Inhaltlich setzte Magyar auf soziale und wirtschaftliche Themen. Viele junge Menschen hätten das Land verlassen, weil sie unter Wohnungskrise, Korruption und fehlenden Perspektiven litten. Eine Wehrpflicht lehnt er klar ab; ein entsprechendes Verbot wolle er in der Verfassung verankern. Gewalt und Krieg verurteile seine Partei grundsätzlich.
In der Migrationspolitik positionierte sich TISZA gegen den EU-Migrationspakt sowie gegen einen beschleunigten EU-Beitritt der Ukraine. Gleichzeitig versprach Magyar, politische Gegner künftig nicht mehr als „Verräter“ zu diffamieren. Es sei inakzeptabel, Andersdenkende zu stigmatisieren.
Pro-EU-Kurs und Bruch mit Orban
Magyar, einst selbst Teil des FIDESZ-Umfelds, gründete TISZA nach einem Skandal um die Begnadigung eines verurteilten Helfers in einem Missbrauchsfall. Der Skandal kostete unter anderem die damalige Justizministerin Judit Varga – Magyars frühere Ehefrau – ihr Amt. Magyar wirft Orban und dessen Umfeld systematische Korruption vor und kündigt Reformen im Gesundheitswesen sowie in anderen öffentlichen Bereichen an.

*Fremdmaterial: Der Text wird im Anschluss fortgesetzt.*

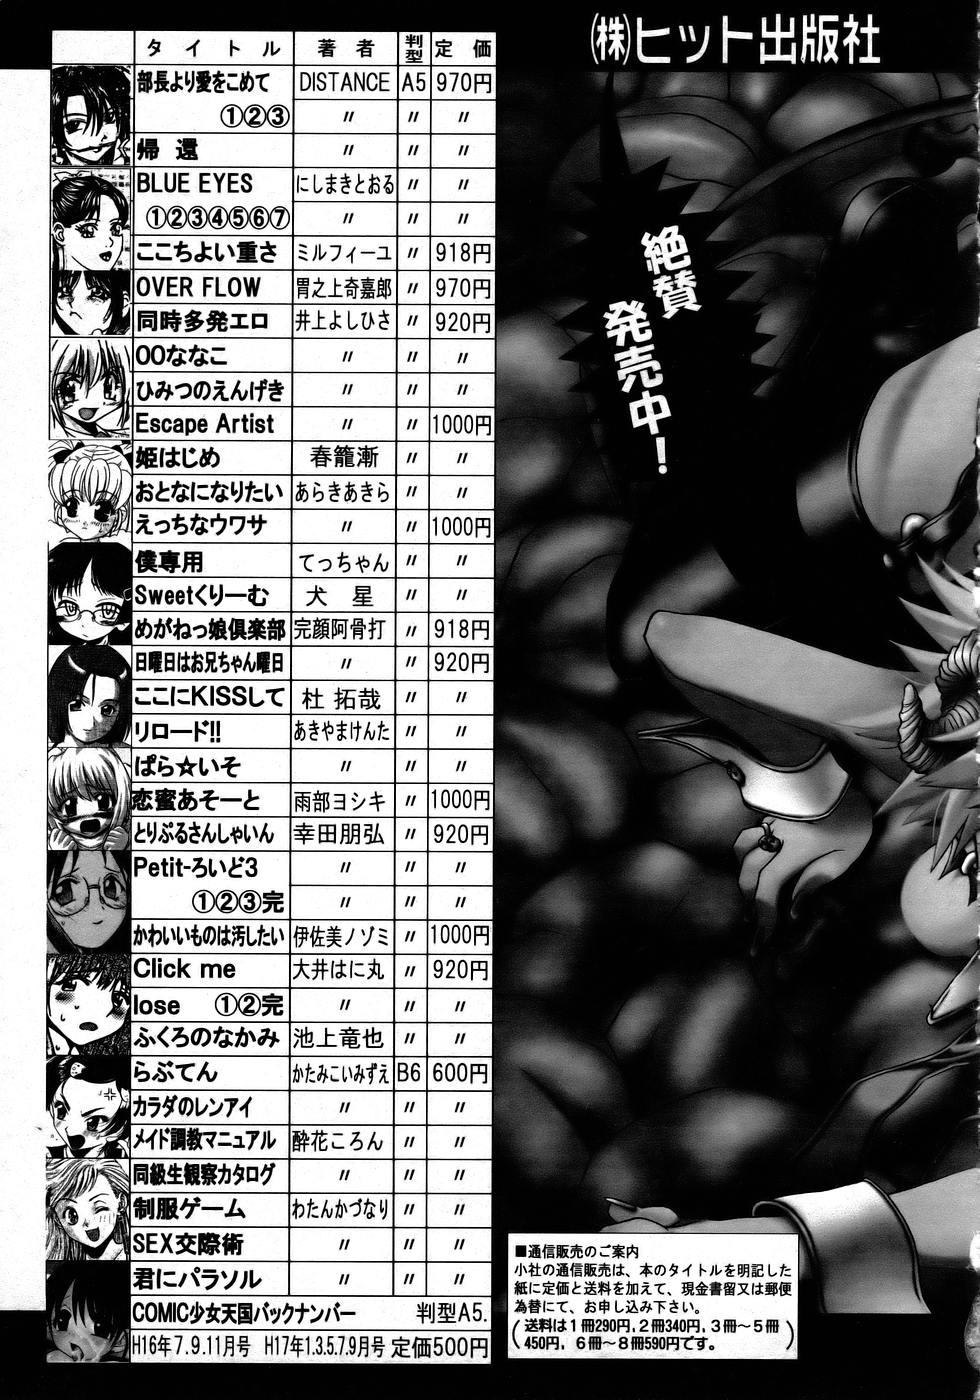 COMIC AUN 2005-12 Vol. 115 403

In seinem kürzlich veröffentlichten Wahlprogramm bekennt sich TISZA klar zur EU- und NATO-Mitgliedschaft. Ungarn solle wieder ein „nützliches, glaubwürdiges und konstruktives“ Mitglied der westlichen Bündnisse sein. Eine „Schaukelpolitik“ zwischen Ost und West werde es unter seiner Führung nicht geben.
Schmutziger Wahlkampf und neue Affären
Der Wahlkampf wird zunehmend aggressiv geführt. Mehrfach tauchten offenbar mithilfe künstlicher Intelligenz manipulierte Videos auf, in denen Magyar Aussagen zugeschrieben wurden, die er nicht getätigt hat. Die Drohung mit der Veröffentlichung eines kompromittierenden Videos sorgte zusätzlich für Aufsehen.
Auch Orban steht unter Druck: Enthüllungen über Missstände in staatlichen Einrichtungen sowie Vorwürfe einer Umweltbelastung durch eine Batteriefabrik in Göd beschäftigen die Öffentlichkeit. In Budapest demonstrierten zuletzt Hunderte gegen Umweltverschmutzung.
In seiner eigenen Rede zur Lage der Nation warf Orban der TISZA-Partei vor, mit Brüssel, internationalen Konzernen und Finanzinstituten gemeinsame Sache zu machen, um Ungarn in einen Krieg hineinzuziehen. Die genannten Unternehmen wiesen diese Vorwürfe zurück.
Orban zeigte sich dennoch siegessicher. Seine „wahren Gegner“ seien nicht die ungarischen Oppositionsparteien, sondern deren „Herren in Brüssel“, erklärte er. TISZA sei eine „Schöpfung Brüssels“, behauptete er weiter.
Mit Blick auf die Umfragen deutet vieles auf ein enges Rennen hin – und auf einen Wahlkampf, der weiter an Schärfe gewinnen dürfte.